He sat back, and his expression changed.  “Now you’re talking.  I’m your bodyguard, not your tutor.  You need to utilize your resources, and get a better teacher.”

“What am I looking for?  A wizard?”

“You could,” he said.  “A wizard, however, would teach you to be a wizard.  And you, no need to repeat yourself, do not want that.”

I nodded.  “So I need to find another door-closer?”

“Take baby steps.  Is your magic an inherent power or is it a result of ritual, opening yourself to other forces?”

“Huh,” I grunted. “I expect a Closer doesn’t open himself.  So it’s inherent.”

“Where does it come from?” he asked.

“Do you mean, is it like genetic?  Am I a mutant and I’m looking for a Professor X?”

“Where does your power come from?” he asked again, sounding each word out as if he was looking for something.

“My soul? My experiences? My good looks?  My folks?  My having my fingers slammed by a radioactive door when I was but a wee lad?”  I growled.  “I don’t know what you’re looking for.  Give me a hint.”

He sighed.  “I am what I am.  You are not.”  He went back to his book.

“This isn’t helping.  I’d rather find out what Dragon is responsible and what it means to the war effort, and what is going on with my sister.  Why my sister?” I asked aloud.  “I mean, better than my mom,” I pointed out.

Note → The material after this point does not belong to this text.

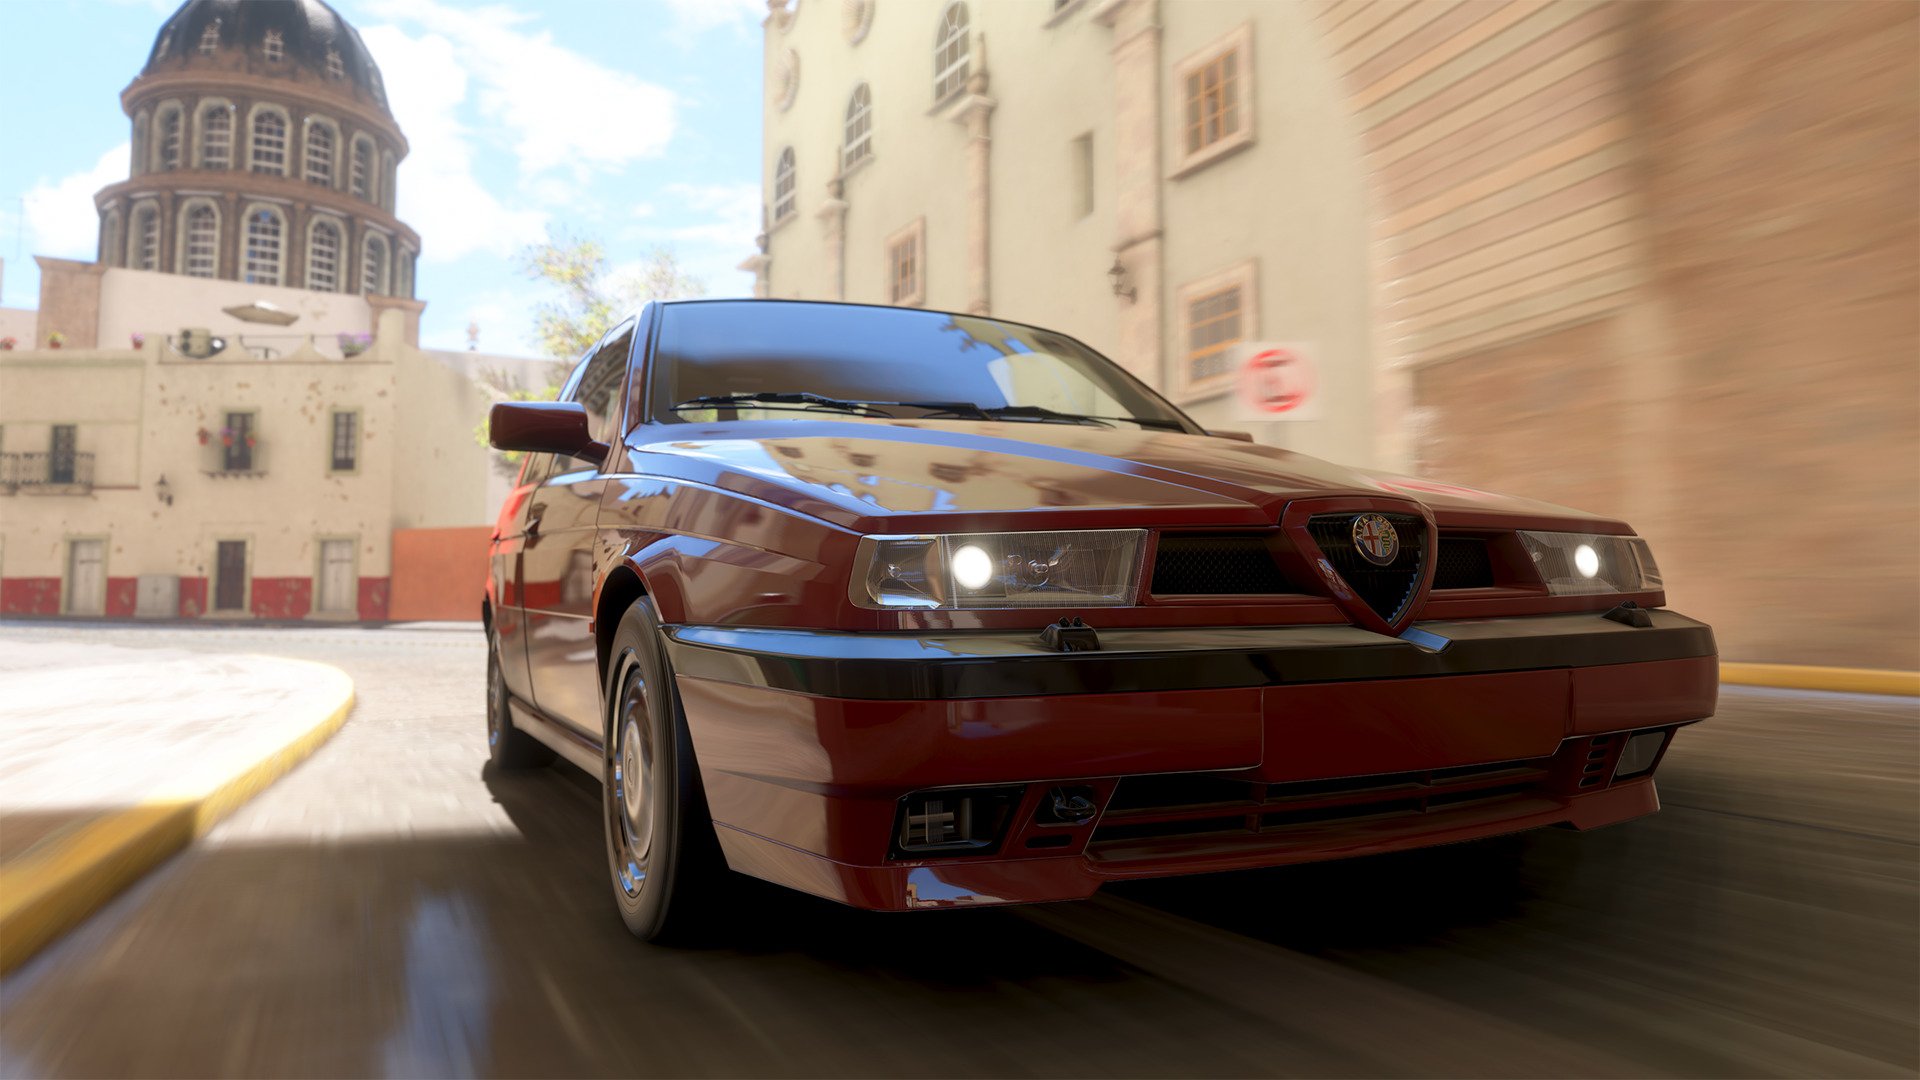 Forza Horizon 5 'Italian Automotive' update brings 23 cars

“Flame-bright, power-spark, she lights the path of what is dark. Secret-keeper, Closer’s blood, she sprouts the seeds of the flood,” he said, turning a page somewhat…flippingly.

“Is that her song?”

“Mayhap.”  He sounded grumbly.

“I didn’t know that maybe was an option.  Could I add a chorus and maybe a snappy bridge to mine?”

“No.”  He brought his knees up to hold the book there.  “And it doesn’t need a guitar solo.”

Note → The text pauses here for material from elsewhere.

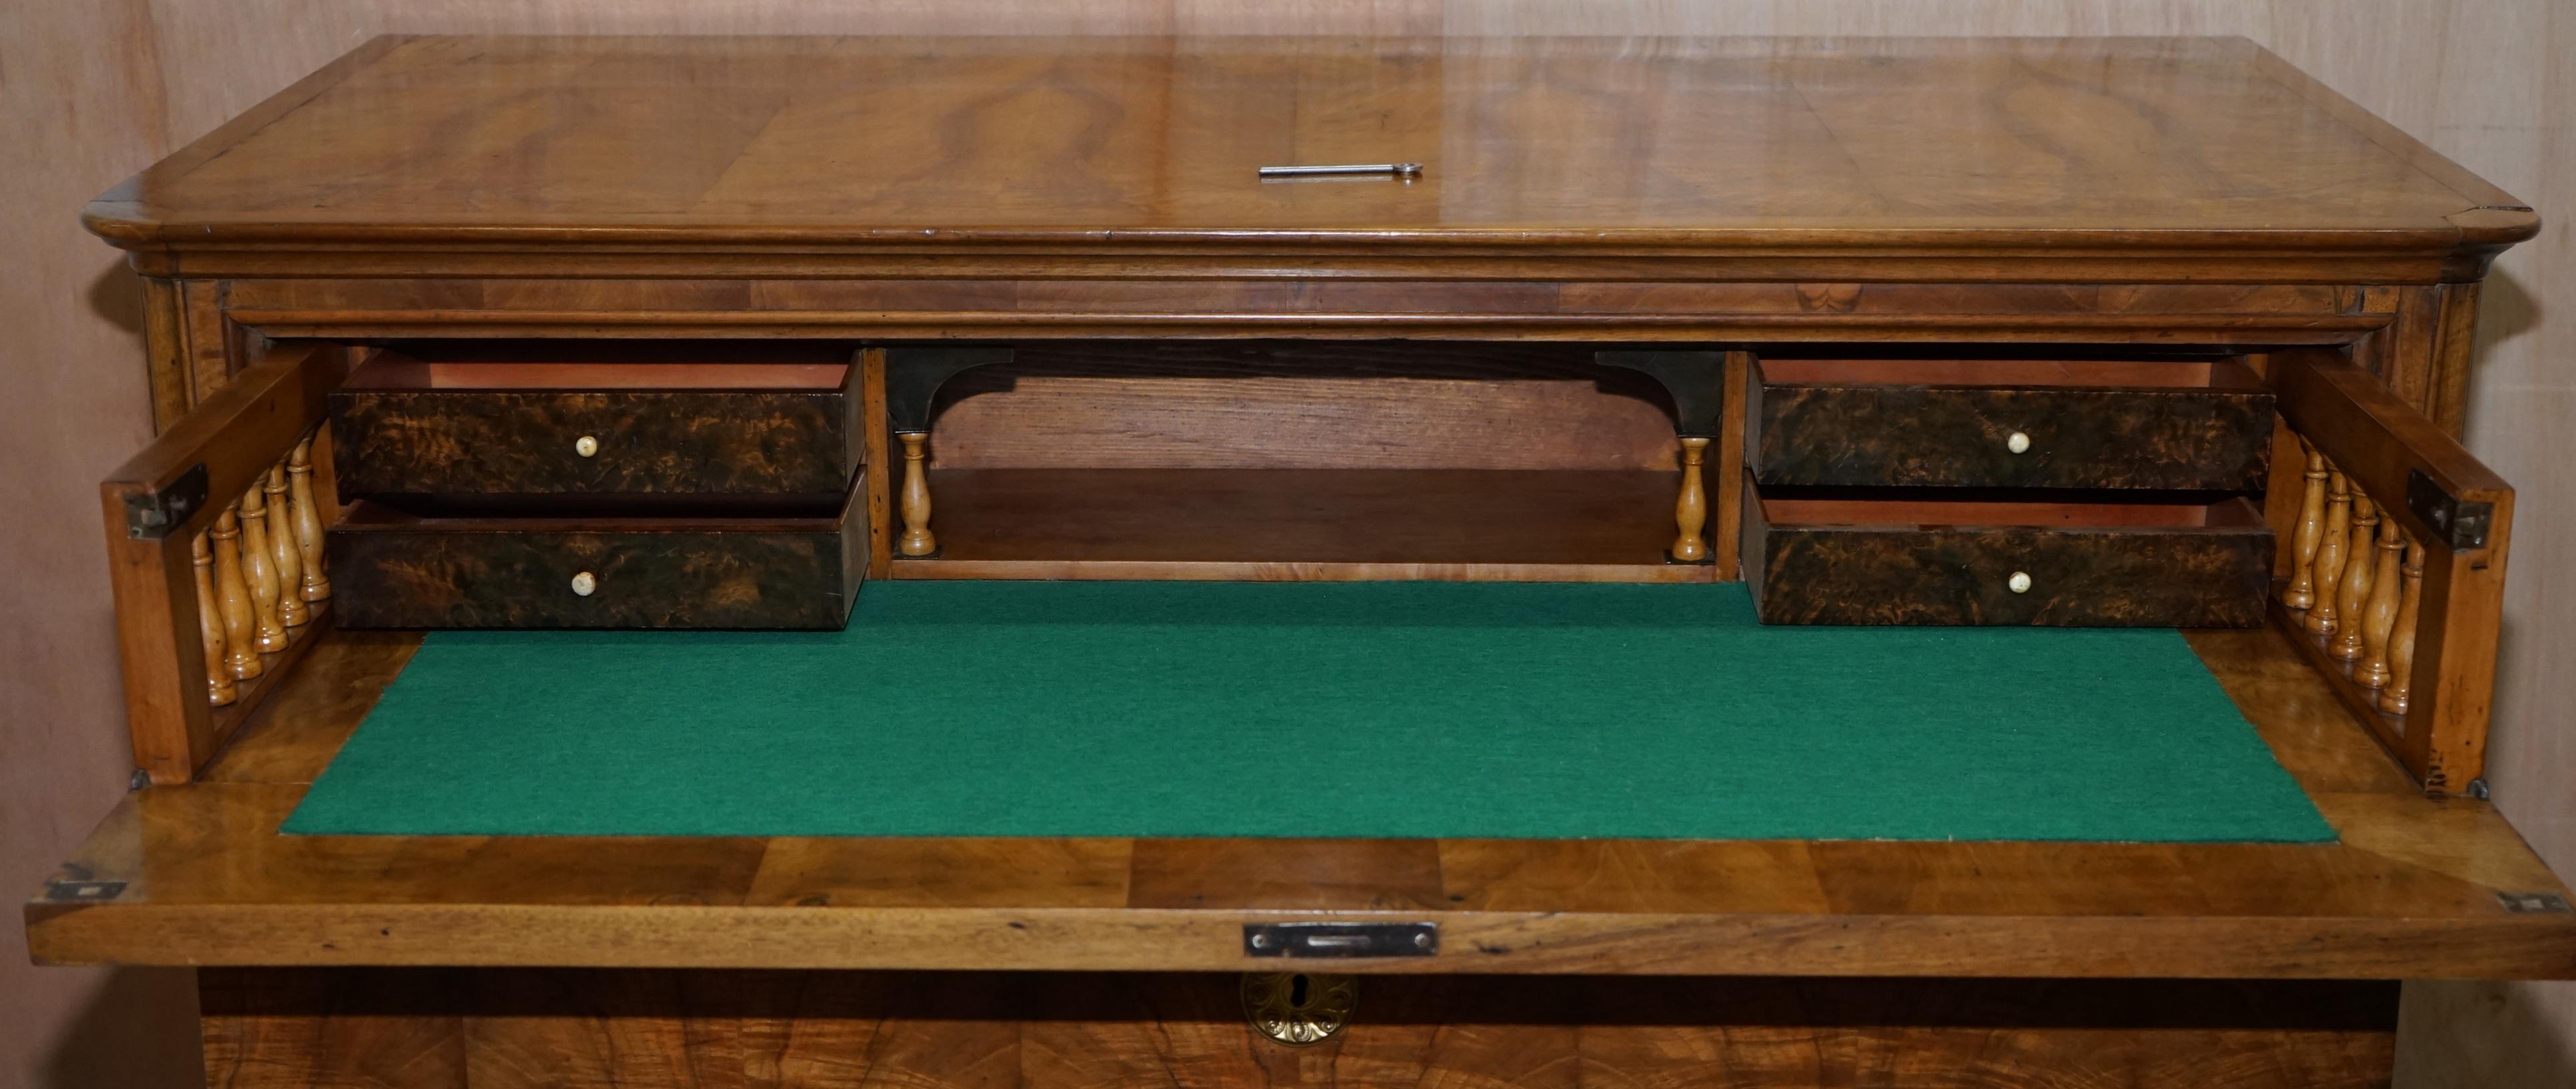 Huge 19th Century Walnut Biedermeier Chest of Drawers Drop Front Desk Secretaire 14

“Bummer.”  I sighed.  “Seeds of the flood?  Do floods come from storm seeds?  Is this the Biblical kind of flood, or like a woman’s thing?”

He ignored me, so I went back to my research.  Now that I understood the science more, it was time to look up the magical side.

After about an hour, I gave up.  “I can’t do this without real fuel.  You want anything from the store?” I asked.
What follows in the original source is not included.